The key features required are atomicity and consistency. All databases support atomicity, and most support consistency to a greater or lesser extent. However many databases are implemented without exploiting integrity constraints, leaving these to the application layer. Unfortunately this can mean that the database can be in an inconsistent state if the programmer does not consistently apply the the integrity rules within their program.

One of the goals of D2O is to ensure consistency of the 'ontology' stored in the D2O database at all times. To achieve this we need to introduce the new concept of incremental inferencing.

The pattern of changes required is defined with a rule set.

The rule-set becomes a new 'class' within the ontology. The new class has domains and ranges defined that ensure the complete set of arguments.

Within the database the rule-set manifests itself as a virtual table.

Rules can be applied as if creating, reading, updating, and deleling (CRUD) from this virtual table

3.1 Resolution 'Macros'

A cornerstone of the Resolution Objective-SQL methodology was the creation of database macros. The Resolution Objective-SQL database, at its core, consists of a catalogue of objects (known as resources) each of which is of a specific class (known as resourcetype). Additionally the database includes predefined relationships between subsets (known as foundation classes) of the resources. These relationships are grouped into behaviours.

Rather than modelling entities, Resolution models behaviours. For example there is no relationships predefined for a 'Tank', but there is behaviour of 'Inventory', which could be applied to a storage tank, a large vessel, a pipeline etc. Another example is that there is no table for describing a metering pump. However such an object could inherent the behaviours of 'Equipment' (exists as a tangible object within a cost-center), and 'Instrument' (a device that delivers one of more measurements).

The concept of a 'macro' is manipulating a pattern of information in the Resolution database as a unit-of-work, or transaction. For example the pattern maybe:

Tankmacro:

Something is a type TANK It is attached to a TANKFARM type of resource It has a ' level' measurement.

The first concept is that the declaration of this 'macro', allows a database view to be created that will return all occurrences of this 'pattern'.

However Resolution takes the concept of the macro further. As well as creating a view, Resolution also creates a corresponding database stored procedure that will create this 'pattern' in the database if it does not already exists. Similarly, stored procedures are automatically created for removing (deleting) and updating the 'pattern' within the database.

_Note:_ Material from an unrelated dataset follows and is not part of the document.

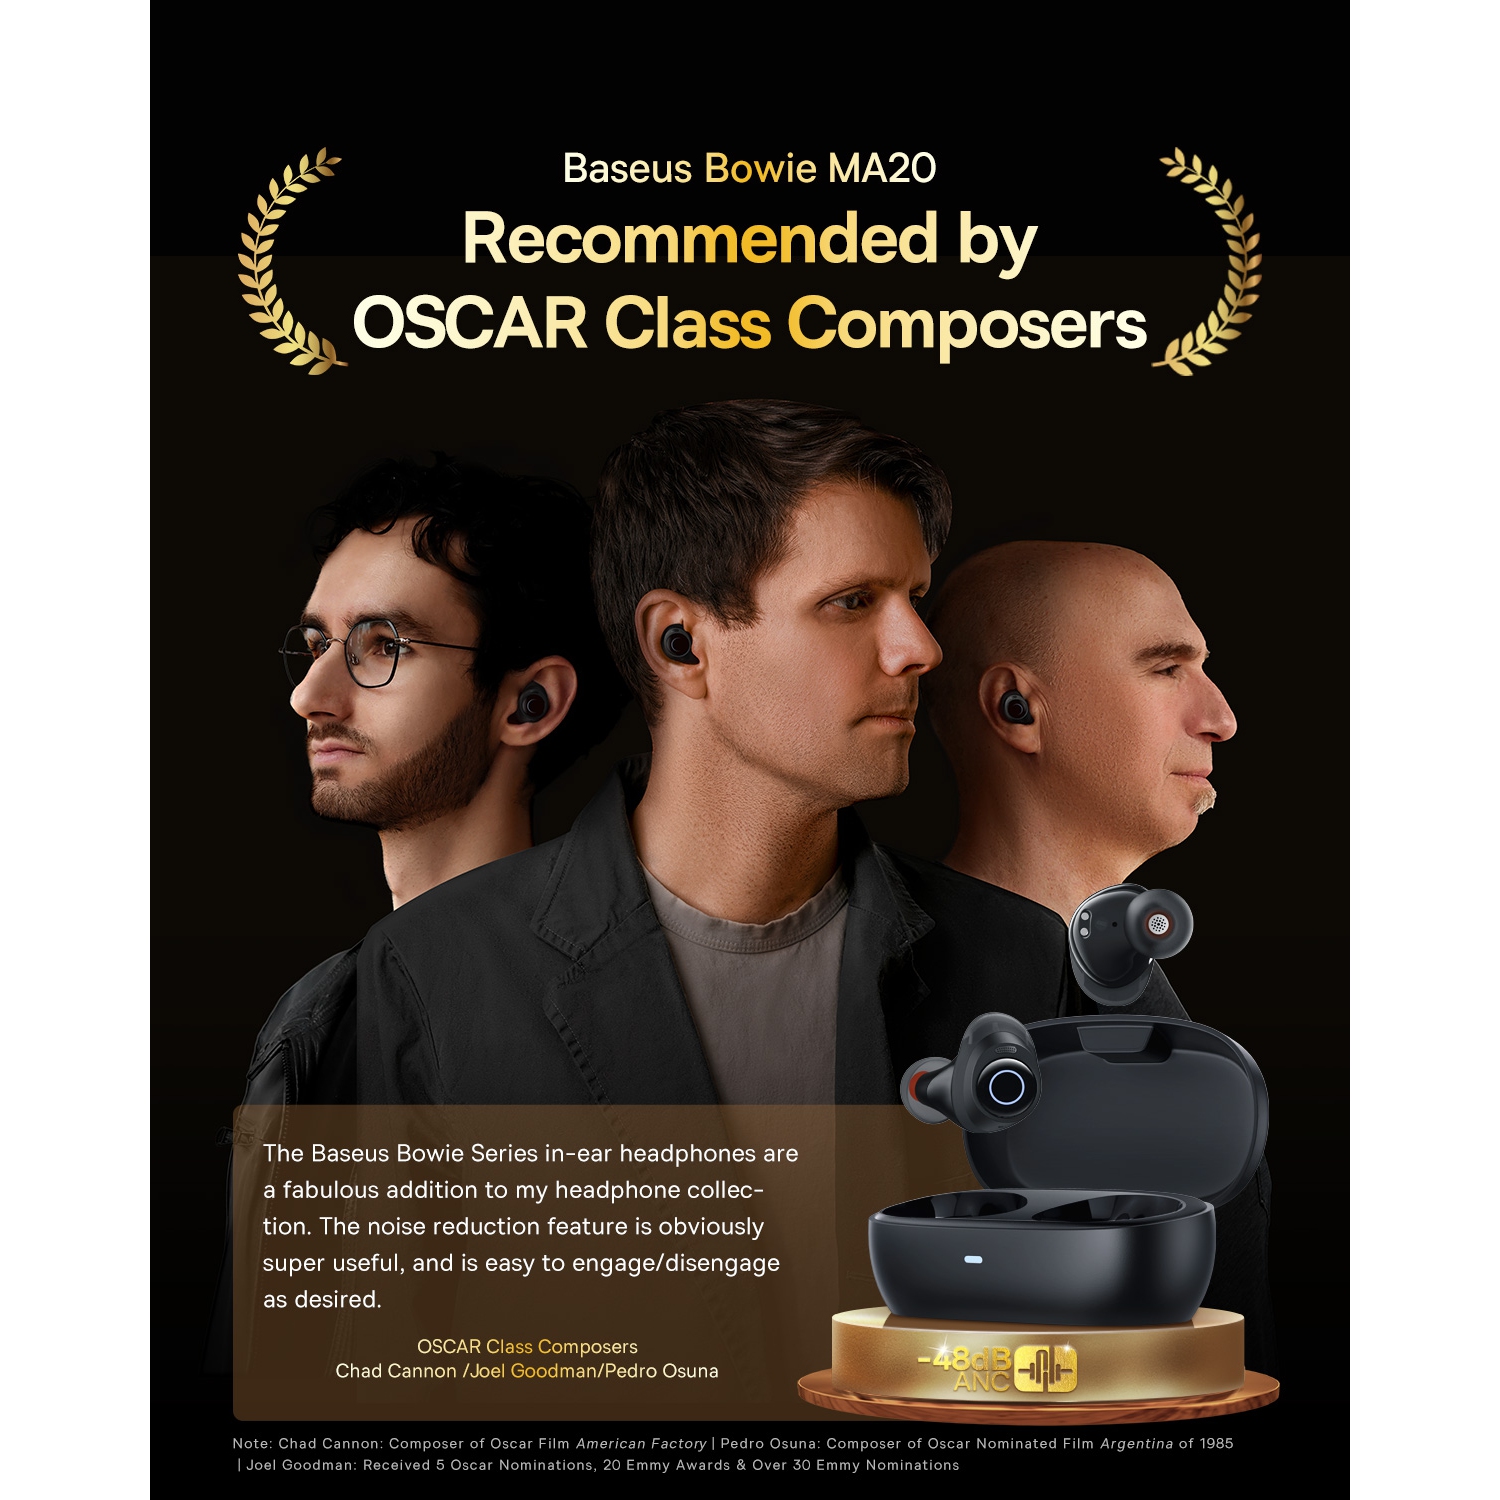 Baseus launched Bowie MA10 -- OSCAR Films Composers' Favorite Earbuds

Thus we can find all occurrences of a pattern in the database, insert new patterns, update existing patterns, and finally remove a pattern from the database. Furthermore databases such as Oracle support the concept of an 'INSTEAD OF' trigger associated with a database view. Associating these procedures with the initially created database views means that the view can be treated as a table: pseudo-table. Applications can then create, read, update, and delete (CRUD) these patterns as if they were really in a table.

3.2 D2O Rules

D2O has a much simpler database structure, essentially consisting of only the 'statement' table. The {subject, predicate, object} can be viewed as representing arcs in a network or directed-graph. The subject and object are nodes within the graph; the labelled arc joining these nodes is identified by the predicate.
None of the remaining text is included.